25, Apr 2023
Creamy Carbonara Tteokbokki: A Rich & Delicious Recipe





Creamy Carbonara Tteokbokki: A Rich & Delicious Recipe

How to Make Decadent Carbonara Tteokbokki

Creamy Carbonara Tteokbokki: A Rich & Delicious Recipe

Have milk and heavy cream nearing their expiration dates in your fridge? Don’t worry! You can use them generously to create this incredibly rich and creamy Carbonara Tteokbokki. This dish perfectly marries the delightful flavors of carbonara pasta with the chewy texture of tteok (Korean rice cakes). It’s a fantastic meal for the whole family and guaranteed to make any ordinary day feel special.
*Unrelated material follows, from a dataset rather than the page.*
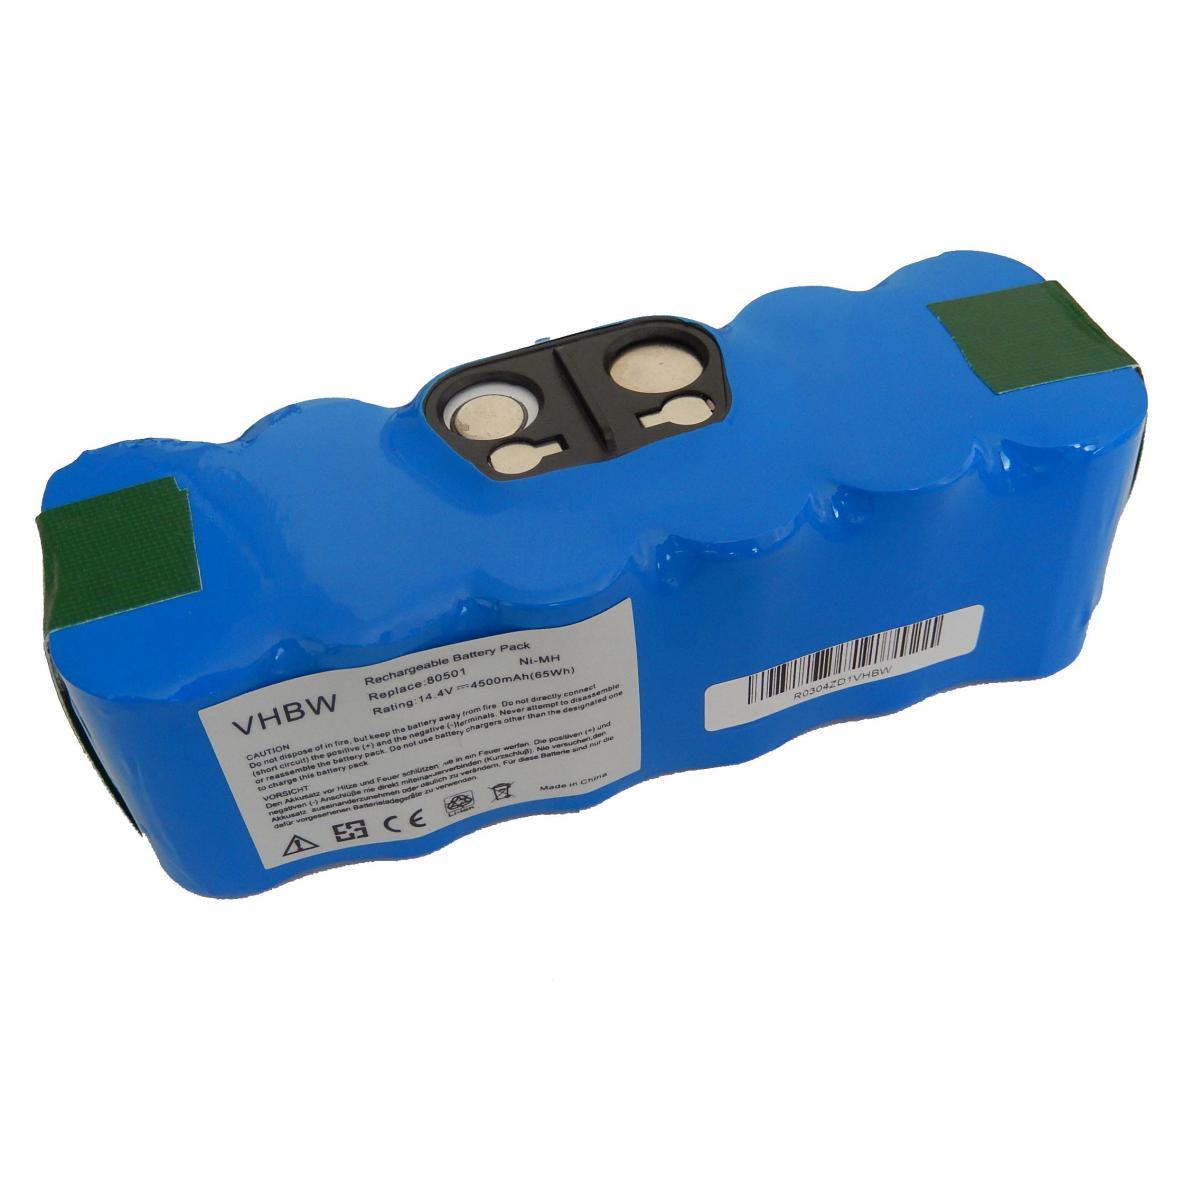 Vhbw vhbw batterie Ni-MH 4500mAh (14.4V) compatible avec iRobot Roomba 700, 785, 790 aspirateur remplace 11702, GD-Roomba-500

Prepare for a magical taste experience!

Recipe Info

  • Category : Fusion
  • Ingredient Category : Eggs / Dairy
  • Occasion : Snack
  • Cooking : Boil / Simmer
  • Servings : More than 6 servings
  • Cooking Time : Within 60 minutes
  • Difficulty : Anyone

Tteokbokki Ingredients

  • 700ml Milk
  • 300ml Heavy Cream
  • 300g Mozzarella Cheese
  • 1 slice Cheddar Cheese (sliced or cubed)
  • 1/2 Onion
  • A little Carrot (for color)
  • 1/2 Broccoli
  • 400g Vienna Sausages
  • 2/3 pack Tteokguk Tteok (rice cakes for soup, approx. 300-400g)
  • 7 whole Garlic cloves
  • 2 King Oyster Mushrooms
  • 1 Cheongyang Pepper (optional, for added spiciness)

Seasoning & Others

  • A pinch of Black Pepper
  • 1/2 Tbsp Salt
  • 1 Tbsp Minced Garlic
  • A little Olive Oil (for sautéing garlic)

Cooking Instructions

Step 1

Prepare all ingredients for sautéing. Thinly slice the whole garlic cloves. Slice the king oyster mushrooms into bite-sized pieces, and score the Vienna sausages. Take the tteokguk tteok out of the freezer and soak them in cold water for about 15-20 minutes until softened. This step helps the rice cakes absorb the sauce better and maintain a chewy texture.

Step 1

Step 2

Prepare the vegetables. Slice the onion thinly, and slice the carrot into thin rounds or small pieces. Divide the broccoli into bite-sized florets. (Feel free to add bell peppers for extra color if you like.)

Step 2

Step 3

Heat a little olive oil in a large frying pan or pot over low heat. Add the sliced garlic and sauté until fragrant. Once the garlic aroma is released, increase the heat to medium-high and add the onion, carrot, king oyster mushrooms, Vienna sausages, and broccoli in that order. Stir-fry quickly until the vegetables are slightly tender but still have a bit of crispness. This will enhance their texture in the final dish. Once cooked, set the sautéed ingredients aside on a plate.

Step 3

Step 4

Now, let’s make the cream sauce. In the same pan (or a clean pot), pour in 700ml of milk and 300ml of heavy cream. Add the pre-soaked tteokguk tteok. Bring to a simmer over medium-low heat, stirring constantly as the rice cakes cook and the sauce thickens. It’s crucial to keep stirring to prevent the tteok from sticking to the bottom.

Step 4

Step 5

When the rice cakes are tender and the sauce has reached a nice, thick consistency, return the sautéed vegetables and sausages to the pan. Stir everything together well. Now for the seasoning! Add 1/2 Tbsp salt, 1 Tbsp minced garlic, and a pinch of black pepper to taste. Finally, add the 300g of mozzarella cheese and the slice of cheddar cheese. Stir gently until the cheese is completely melted and the sauce is luxuriously creamy and thick. If you like a bit of heat, finely chop and add the Cheongyang pepper. Once all the ingredients are well combined, your delicious Carbonara Tteokbokki is ready to be enjoyed!